One of my ongoing pleasures is to welcome staff from AMREF headquarters in Nairobi. It’s always so enlightening for our team to hear firsthand about their work and the outcome of AMREF’s programs as told by the experts who manage them. This past week, AMREF’s eHealth Program Manager, Caroline Mbindyo, was in New York to speak at the UN GETHealth (Global Education & Technology) Summit where she was a panel member in two sessions – how IT can empower women and health workers and what strategies achieve program scalability and sustainability of IT innovations for health workers.
Caroline is responsible for the development and implementation of AMREF’s eHealth programs, including eLearning and m(mobile)Health, across sub- Saharan Africa. She leads the team that implemented the pioneering eLearning program for nurses in Kenya, which significantly impacted the delivery of sustainable, cost-effective training for health workers in remote and low resource settings.
Over 60 per cent of Africans live in rural areas, far from any health facility or hospital. Most of them will never see a doctor in their lifetimes. Instead, they depend on the care of community health workers, nurses, traditional birth attendants and midwives, if they are lucky enough to have one who lives nearby and is qualified to deliver effective health care.
The lack of health workers is one of the key barriers to improving health in developing countries. Begun in 2005, AMREF’s eLearning program in Kenya aimed to upgrade the skills of certificate level nurses to that of Registered Nurse over two years. At that time, there were four nursing schools in Kenya with a total of 125 students, an enrollment rate of 100 students per year, and an additional 20,000 nurses in the wings waiting to get in.
In both panel discussions, Caroline spoke about the seemingly overwhelming challenges of building this program. How to set up electronic learning when less than 30% of Africans have access to electricity? There was no infrastructure, no mobile phones and no computers. How do you motivate a health worker in isolation – how do you support her? How to introduce nurses to infectious diseases like HIV/AIDS or the multiple mutations of malaria treatment, when none of that existed in their former training? What technology partners were willing to take on the challenge and how could the outcomes be beneficial to all stakeholders? With more nurses trained, would there be adequate clinical practice facilities? Could the newly certified nurses expect pay increases when they graduated? The questions were endless.
The program was a public private partnership led by AMREF, the Ministry of Health, the nursing regulatory body in Kenya, and funded by Accenture, a global management consulting firm. It involved setting up a national eLearning platform, development of the eLearning curriculum and content, building the capacity of nursing schools to use the eLearning approach to teach nurses, 98% of whom had never used a computer before, setting up supporting and supervisory mechanisms to ensure learning of both theoretical and practical skills and creating a monitoring and evaluation framework to enable all partners to track the key performance indicators (KPIs) in which they were interested.
Slowly the program took off and the health impact has been quite remarkable. From four schools with a total of 125 students, there are now 34 eLearning centers enrolling 1,400 students each year. Over 7,000 nurses have graduated since the inception of the program, which was handed over to the Ministry of Health and the Nursing Association in Kenya, thereby assuring its long term sustainability. In fact, that ability to develop local capacity in creating lasting health change that is sustainable by local communities is a hallmark of AMREF’s work. It is also what sets us apart from other organizations.

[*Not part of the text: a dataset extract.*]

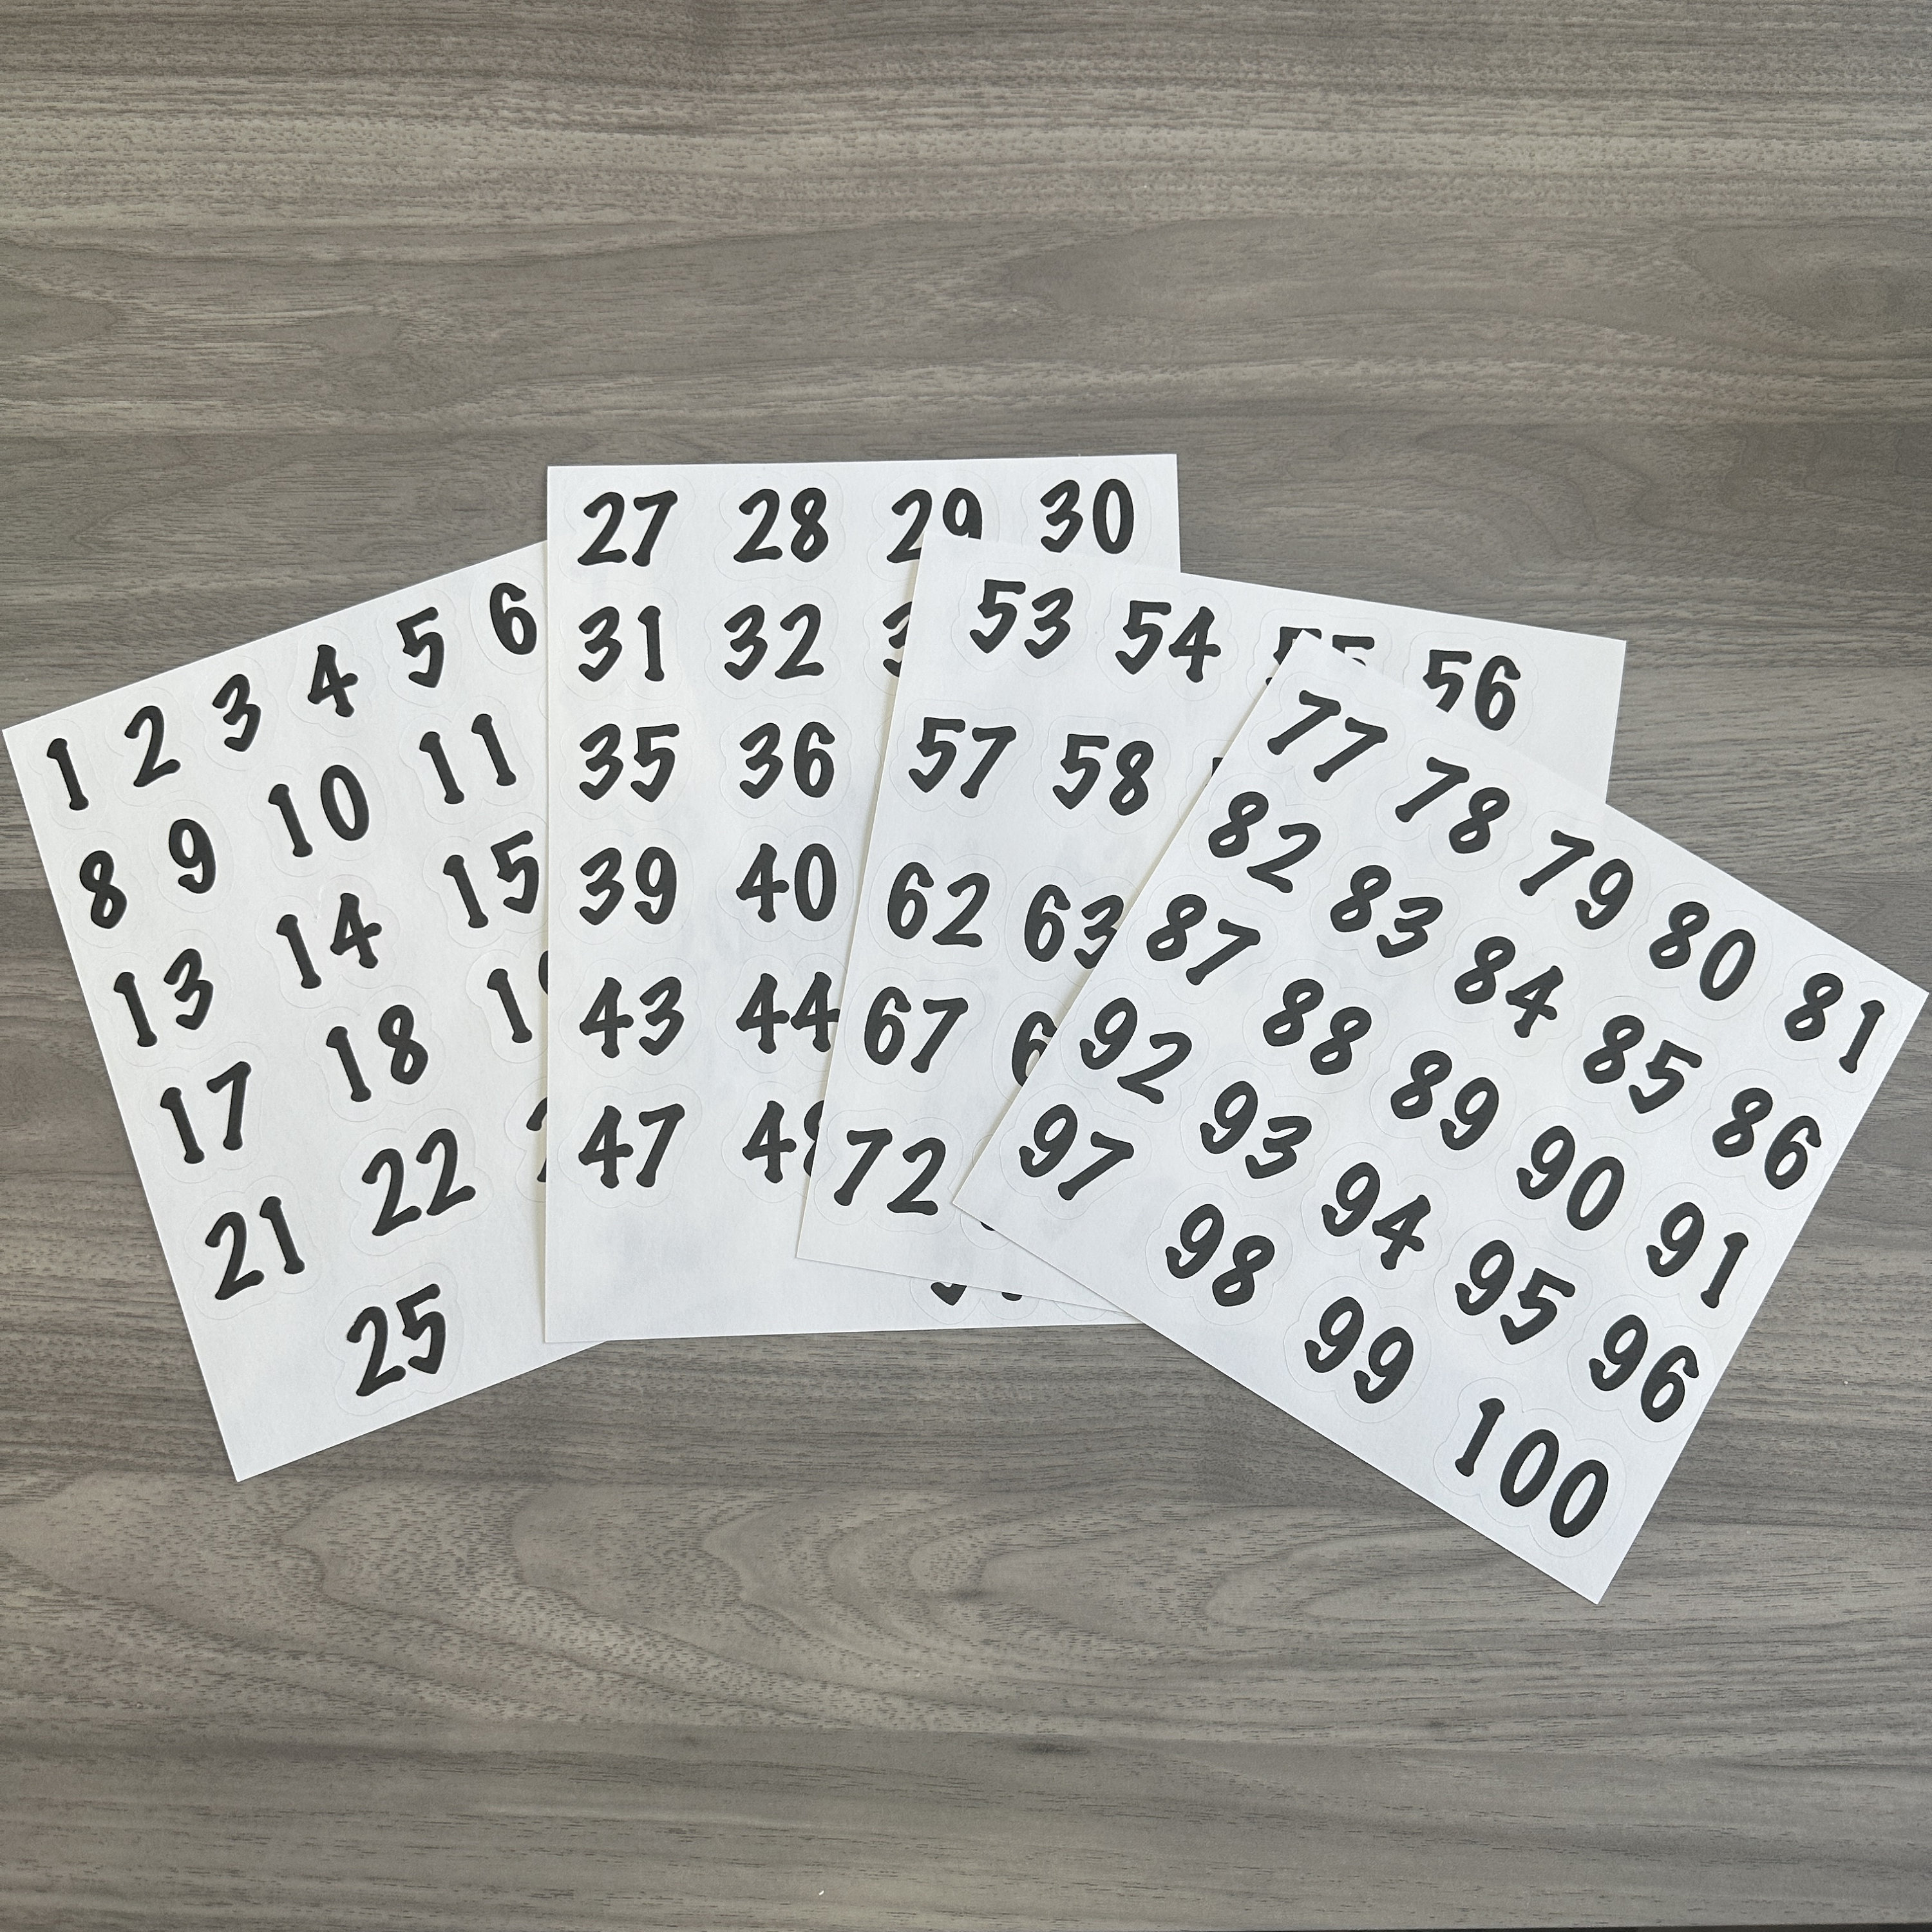 25 Sheets 1 to 100 Vinyl Consecutive Number Stickers 0.4 Inch Small

Remarking on the program partnership, the moderator of Caroline’s second panel discussion, Dr Esther Ogara, Head of eHealth, Continuing Professional Development at Kenya’s Ministry of Health, noted “AMREF is fantastic because they mobilize resources and we, as the government, provide human resources and infrastructure. It becomes easy to work with them. That is why their programs are successful and sustainable – unlike the others.”
Now considered an ‘African’ program, the success of AMREF’s eLearning initiative is being replicated by the Ministries of Health in Uganda, Rwanda, Tanzania, Zambia, Lesotho, Malawi, Senegal and Zanzibar with a focus on various cadres of health workers.
And Caroline, well, she and others recognize the growth of mobile devices as the “computer of Africa”. Following her eLearning success, Caroline is now directing a two year multi-country study on how mobile devices can be leveraged to improve health care delivery in sub-Saharan Africa.